$X_1 , X_4$ ~ $ Binomial(18000,1/6)$.
So $X_1+X_4$ ~ $Binomial(18000,1/3)$.
I am asked to find $P(X_1-X_4)\leq 80)=?$.
The solution is to find $Var(X_1-X_4)=6000$, $E[X_1-X_4]=0$ and then do the following: $$ P(X_1-X_4\leq 80)=P(\frac{X_1-X_4} {\sqrt {6000}}\leq \frac {80} {\sqrt {6000}})=P(\frac{X_1-X_4} {\sqrt {6000}}\leq \frac {80} {\sqrt {6000}}) = P(\frac{X_1-X_4} {\sqrt {6000}}\leq1.033)=0.1508 $$
My question is how did the solver do this: $$ P(\frac{X_1-X_4} {\sqrt {6000}}\leq1.033)=0.1508 $$
It looks to me like he changed $X_1-X_4$ to the standard normal distribution, but that answer doesn't fit the standard normal distribution C.D.F, and I don't think that $X_1-X_4$ is standard distribution to begin with.
EDIT: Things I didn't say that are apparently important:
- $X_1, X_4$ are the odds of dice roll results 1 and 4 in 18,000 rolls, so as far as I know (And according to the solution I am using) this should mean that $X_1+X_4$ ~ $Bin(18000,1/3)$, the odds of $1$ or $4$ rolled in $18000$ rolls.
- $X_1$ and $X_4$ are not independent: $$ \frac {1} {3}\cdot \frac{2}{3}\cdot 18000 = V(X_1+X_4) = V(X_1)+V(X_4)+2Cov(X_1,X_4) $$ $$ \Rightarrow Cov(X_1,X_4)=\frac{-18000}{36} $$
$$ V(X_1-X_4) = V(X_1)+V(X_4)-2Cov(X_1,X_4)=6000 $$
Actually, if $X_1 , X_4 \sim \mbox{Binomial}(18000,1/6)$, then $X_1 + X_4 \sim \mbox{Binomial}(36000,1/6)$ if the distributions are independent.
For the distributions as further described in the edited question, the sum $X_1 + X_4$ comes to how often you roll 1 or 4 in 18000 rolls of a die, which amounts to 18000 Bernoulli trials with $p = 1/3$, so yes, $X_1 , X_4 \sim \mbox{Binomial}(18000,1/3)$.
As you correctly observed, the distribution of $X_1 - X_4$ is not a normal distribution.
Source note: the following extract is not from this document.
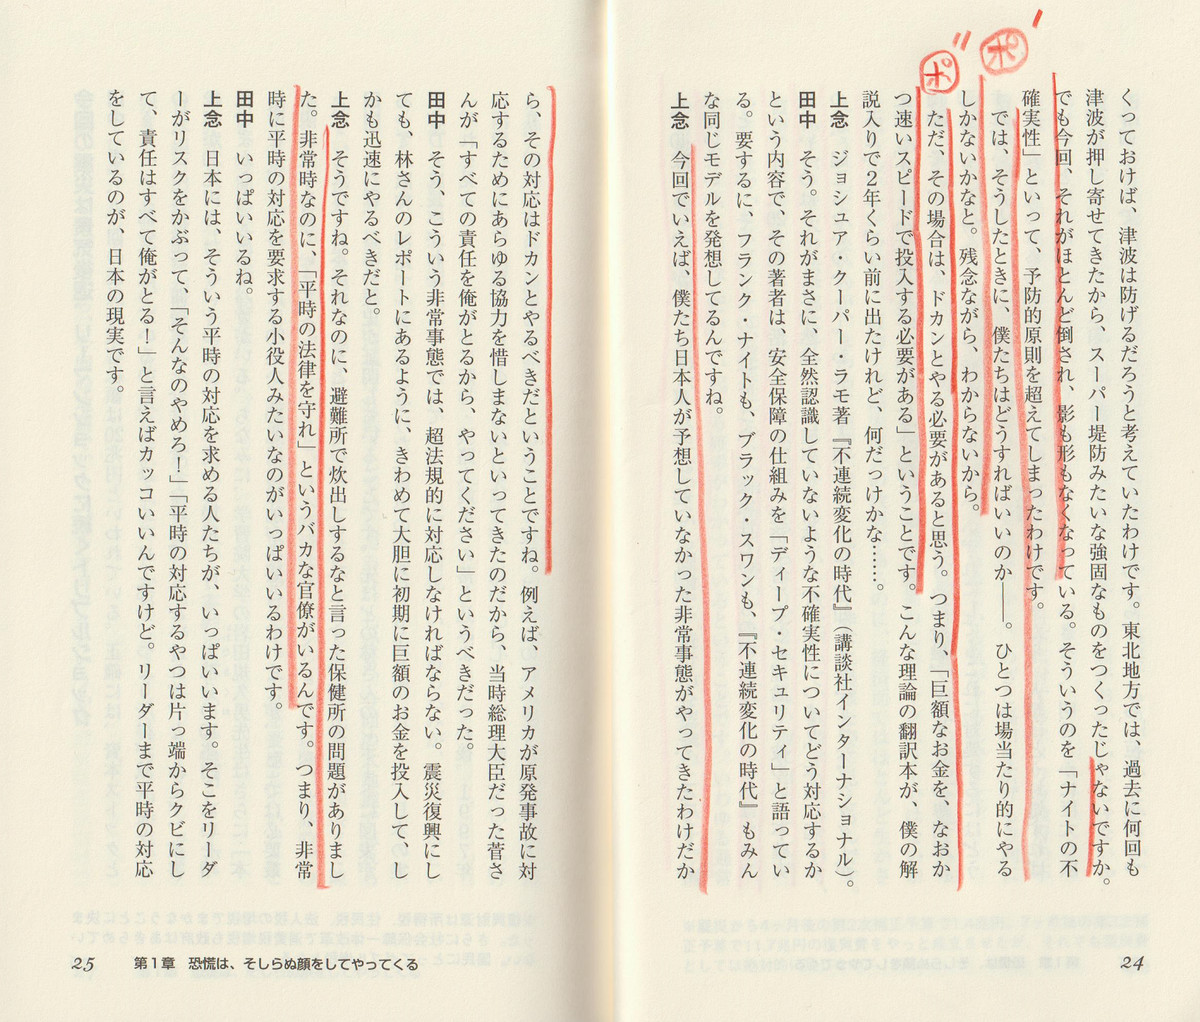 f:id:tanakahidetomi:20200501025652j:plain

In fact it is the sum of 18000 iid variables of the form $Y_i$ where $$ \begin{eqnarray} P(Y_i = 1) &=& \frac16, \\ P(Y_i = -1) &=& \frac16, \\ P(Y_i = 0) &=& \frac23. \end{eqnarray} $$ But presumably it is "close enough" to a normal distribution that the calculation in the solution will match the correct probability to at least four decimal places.
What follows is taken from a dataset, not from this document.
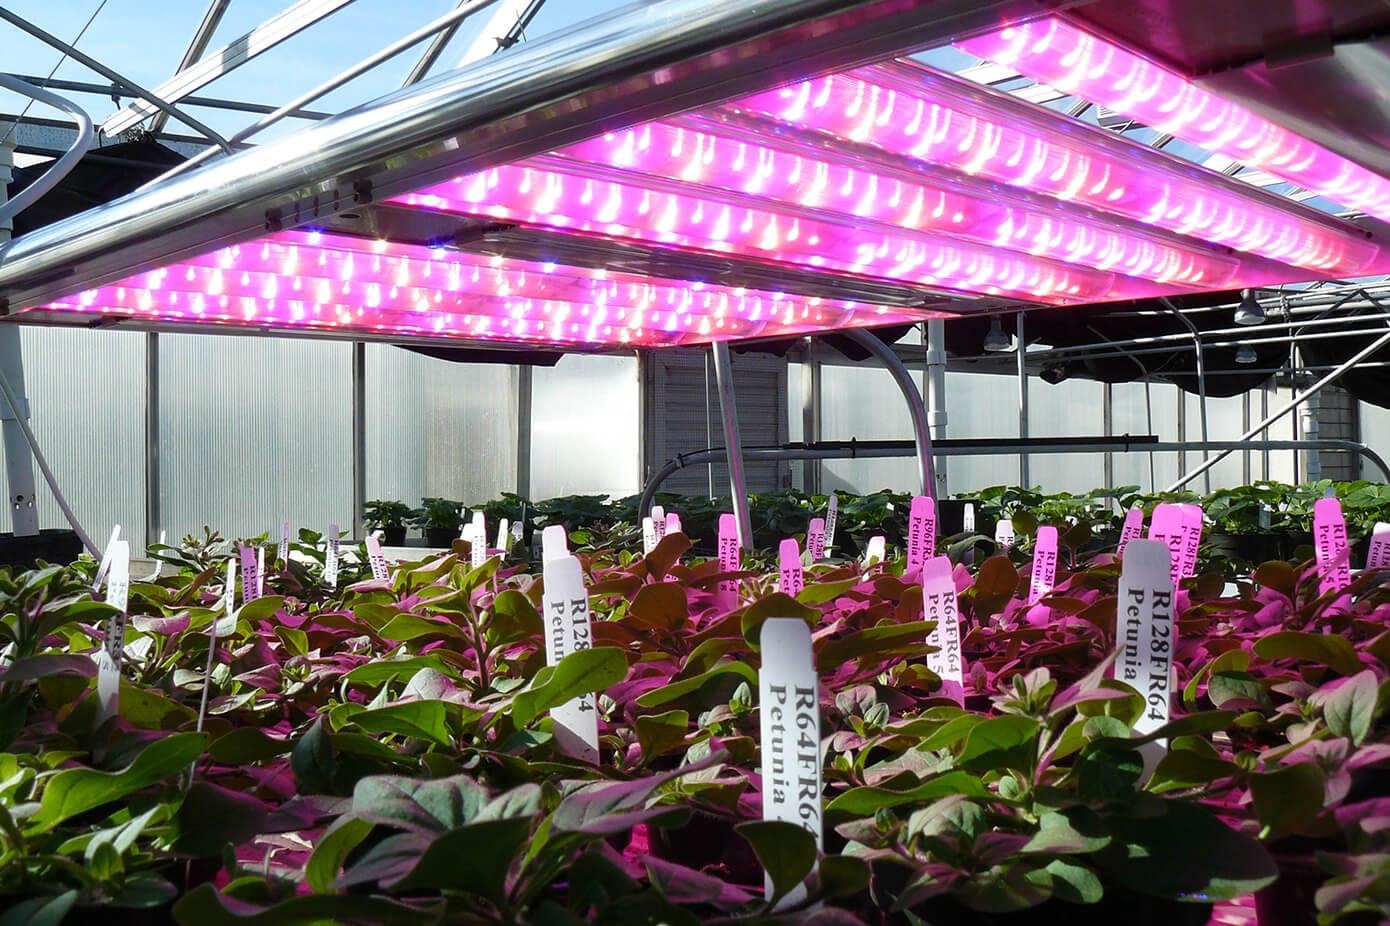 lighting_horticulture_LEDs_spectral_sensor_technology_dam-499395_1390x956

Each $Y_i$ has variance $\frac29$, so their sum indeed has variance $6000$. The claim of the solution appears to be that $X_1 - X_4$ has approximately the distribution $N(0,6000)$, which seems not completely unreasonable.
But if $Z$ is a standard normal random variable, $P(Z \le 1.033) = 0.8492 = 1 - 0.1508$, not $0.1598$, so the "solution" is not quite right.